The following is an excerpt from this book (Example 2.2.3):
Let $d\in\mathbb{Z}$, $d\neq 0$ and let $E$ be the elliptic curve given by the cubic equation
$$X^3+Y^3 = dZ^3$$
with $\mathcal{O} = [1,-1,0]$. The reader should verify that $E$ is a smooth curve. We wish to find a Weierstrass equation for $E$. Note that if we change $X=U+V$, $Y=-V$, $Z=W$, then we obtain a new equation
\begin{align} U^3+3U^2V+3UV^2=dW^3.
\end{align}
Since this equation is quadratic in $V$, and cubic in $W$, with no other cubic monomials that involve $W$, the variable $W$ will end up playing the role of $x$, and the variable $V$ will play the role of $y$ in our Weierstrass model. Next, we change variables to obtain a coefficient of $1$ in front of $V^2$ and $W^3$. If we multiply the previous equation through by $d^2$, we obtain
\begin{align}\label{eq-ex223b} d^2U^3+3d^2U^2V+3d^2UV^2=d^3W^3,\end{align}
and now we change variables $x=3dW$, $y=9dV$, and $z=U$. Then, we obtain
\begin{align}\label{eq-ex223c} d^2z+\frac{dyz}{3}+\frac{y^2z}{27}=\frac{x^3}{27},\end{align}
or, equivalently, $y^2z+9dyz=x^3-27d^2z$, which is a Weierstrass equation.
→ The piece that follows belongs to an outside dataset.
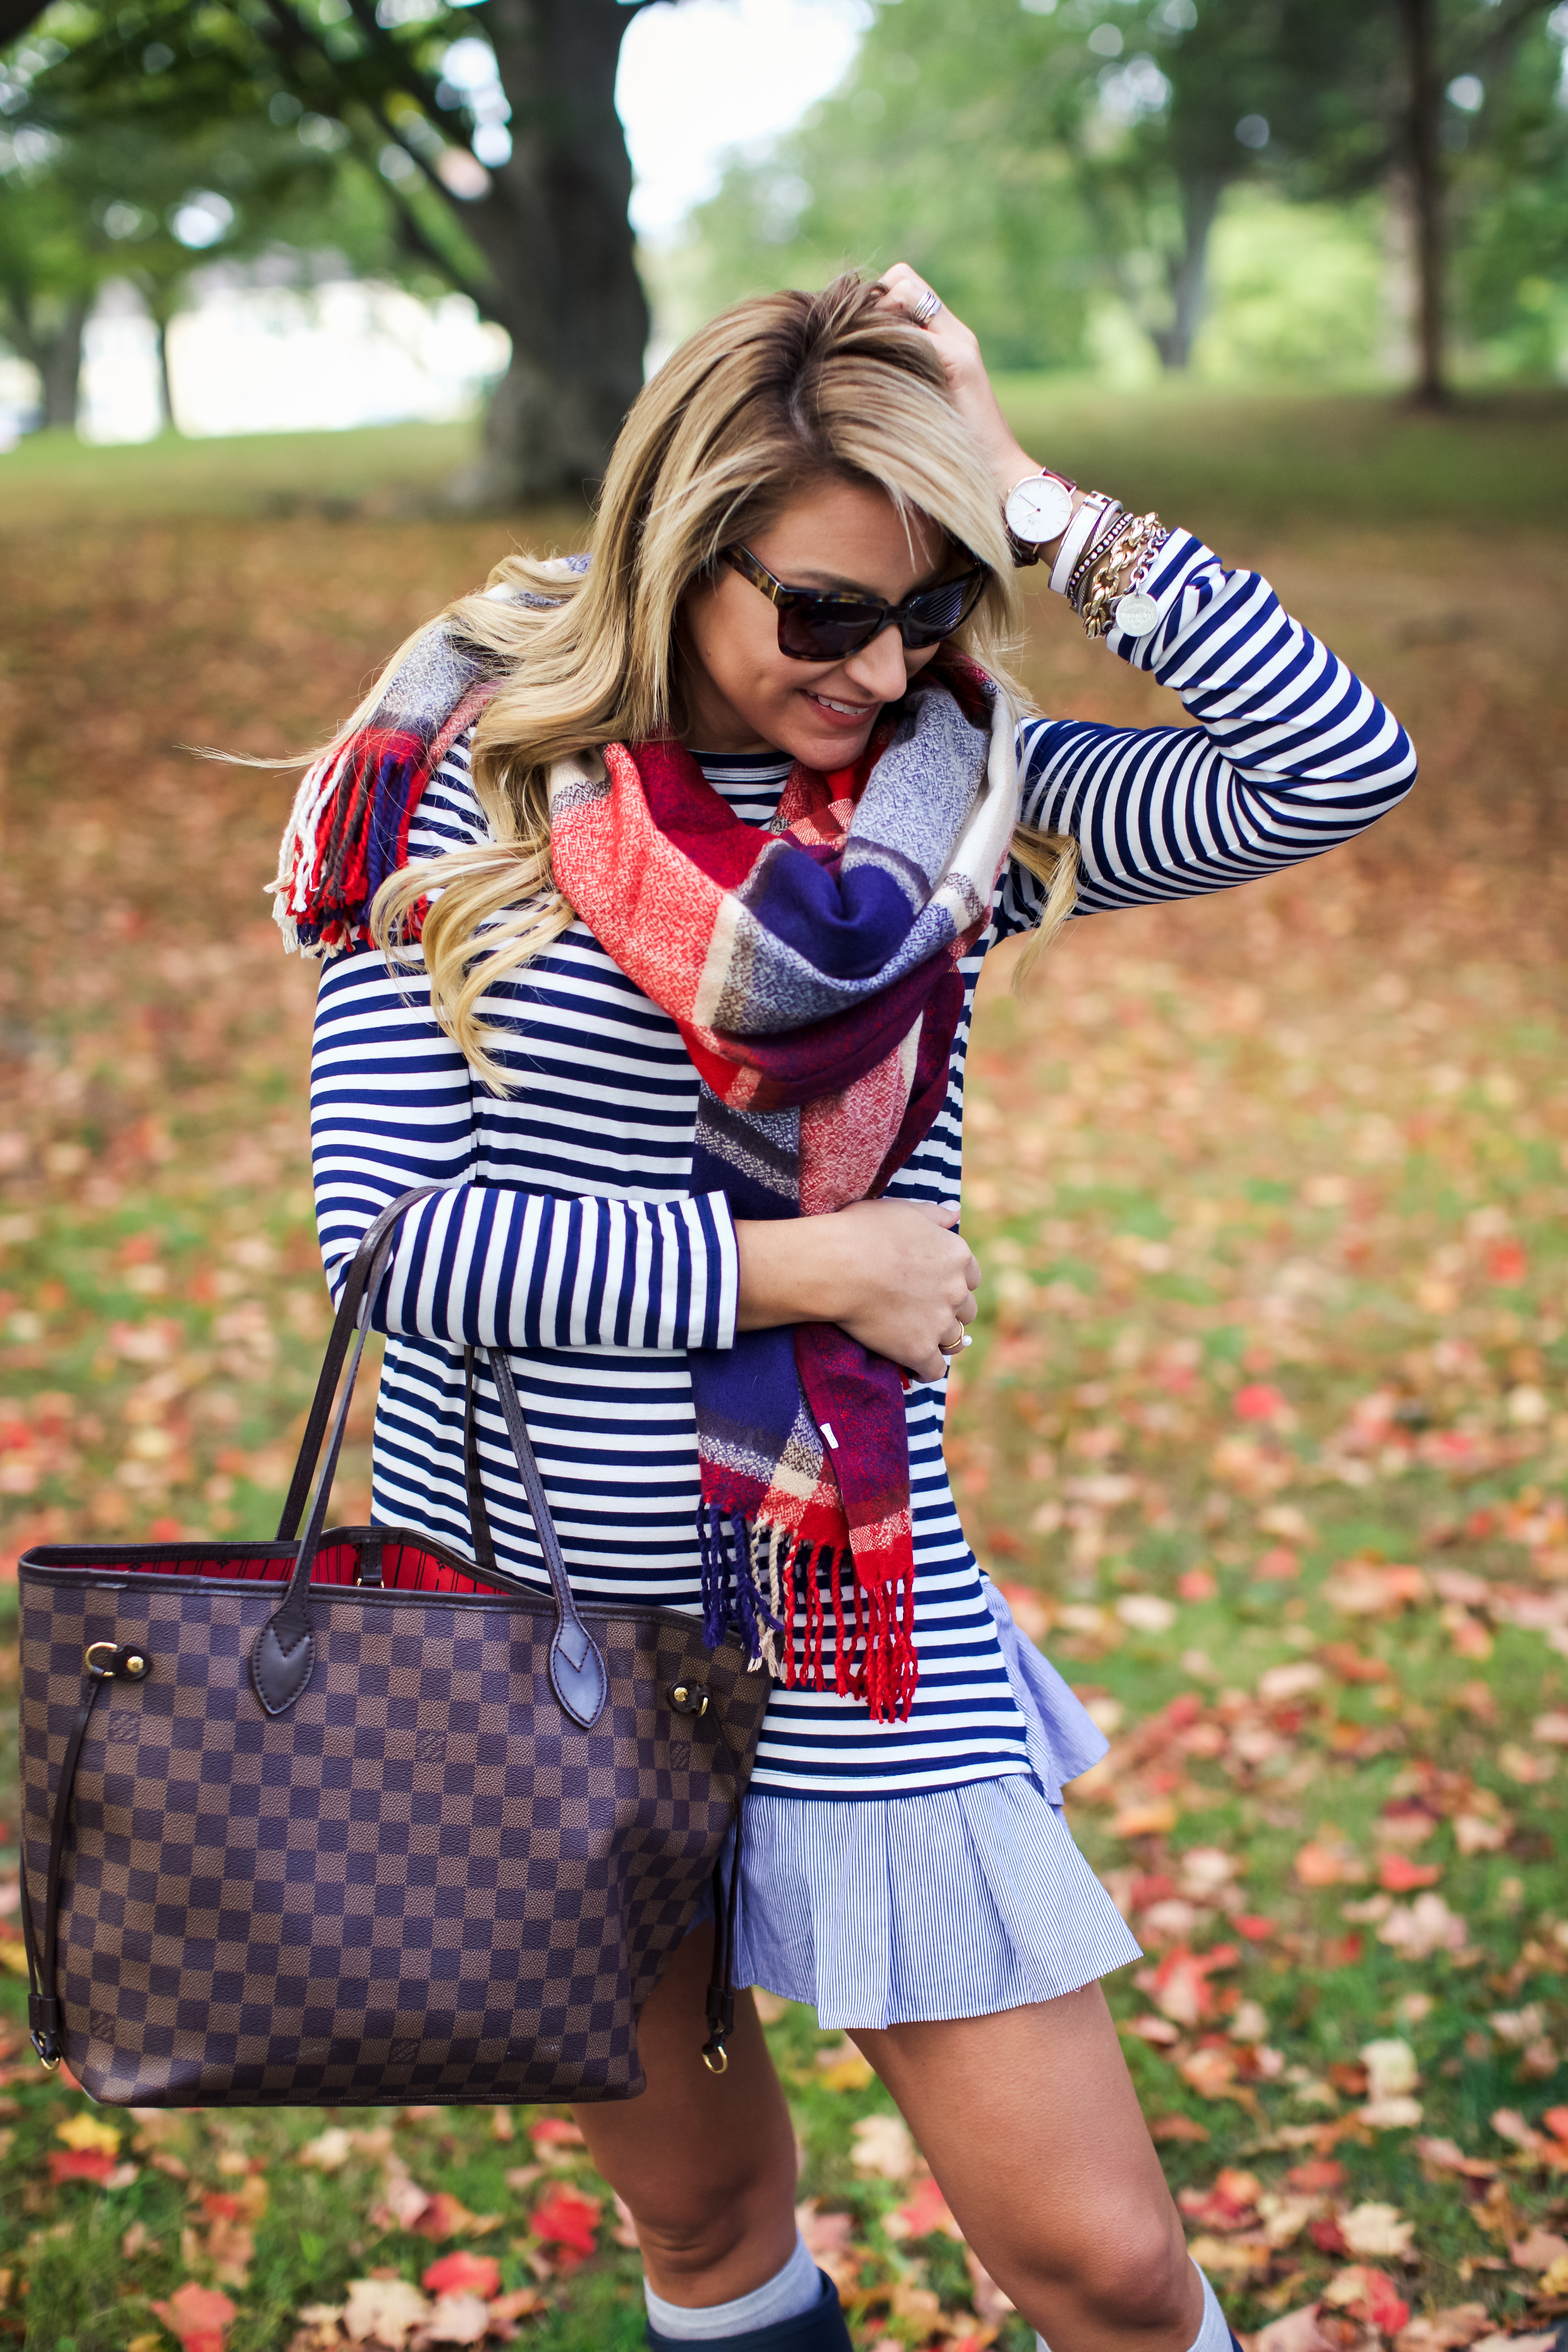 Louis Vuitton Scarf  Louis vuitton scarf, Ways to wear a scarf, Outfits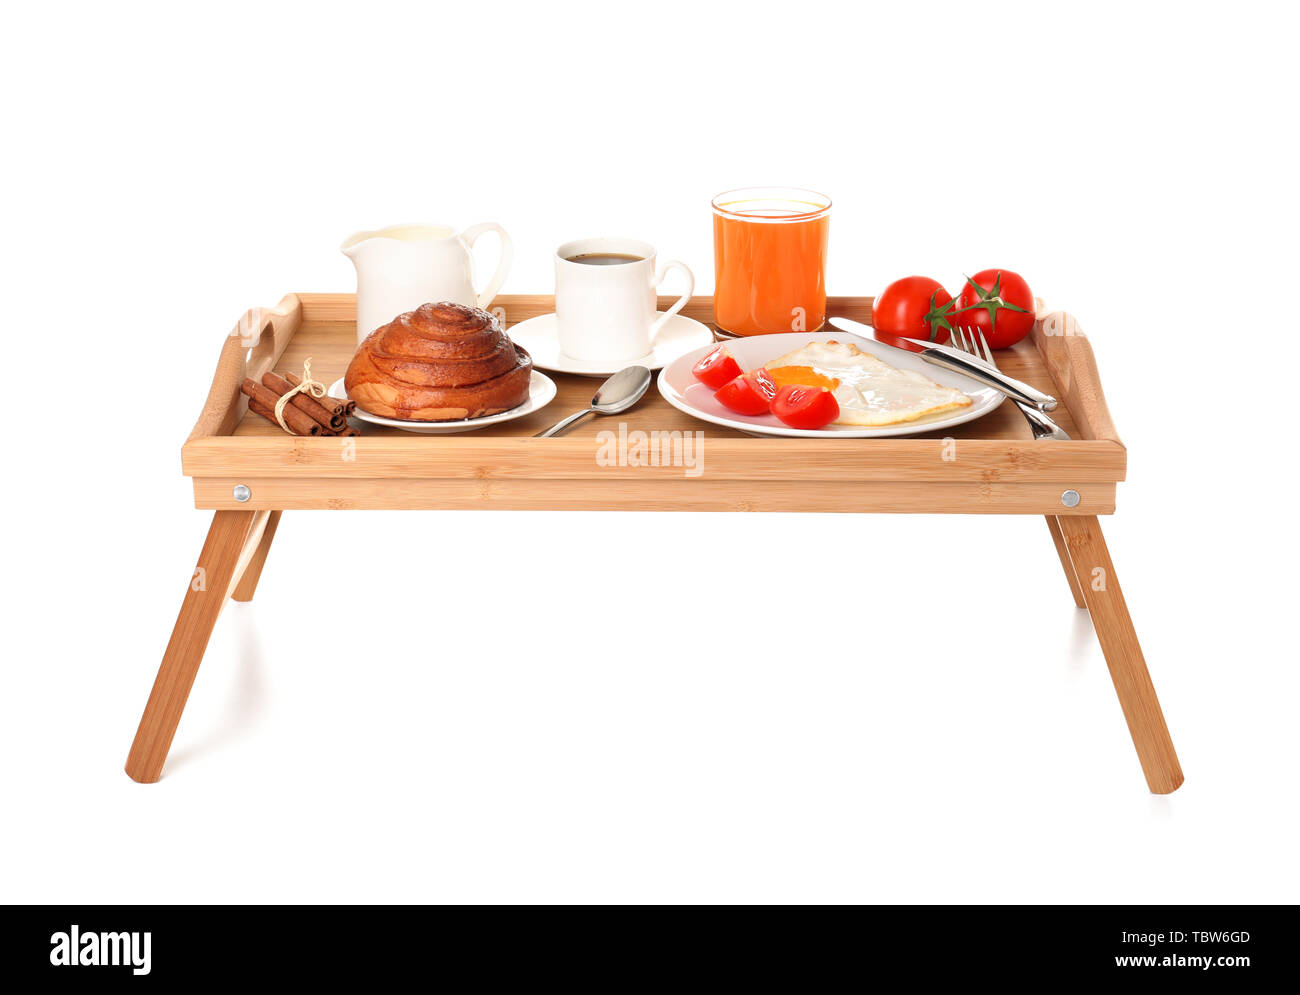 Bed Tray Table With Healthy Breakfast On White Background Stock Photo Alamy

Thus, $[x,y,z] = [3dW,9dV,U]=[3dZ,-9dY,X+Y]$ and we have found a change of variables $\psi:E\to \widehat{E}$ given by
$$\psi([X,Y,Z]) = [3dZ,-9dY,X+Y]$$
such that the image lands on the curve in Weierstrass equation $\widehat{E}: y^2z+9dyz=x^3-27d^2z$. The map $\psi$ is invertible; the inverse map $\psi^{-1}: \widehat{E} \to E$ is
$$\psi^{-1}([x,y,z]) = \left[\frac{9dz+y}{9d},\ -\frac{y}{9d},\ \frac{x}{3d}\right].$$ In affine coordinates, the change of variables is going from $X^3+Y^3=d$ to the curve $y^2+9dy=x^3-27d^2$ via the maps:
\begin{eqnarray*}
\psi(X,Y) &=& \left(\frac{3d}{X+Y},-\frac{9dY}{X+Y}\right),\\
\psi^{-1}(x,y) &=& \left(\frac{9d+y}{3x},-\frac{y}{3x}\right).
\end{eqnarray*}
We leave it as an exercise for the reader to verify that the model can be further simplified to the form $y^2=x^3-432d^2$.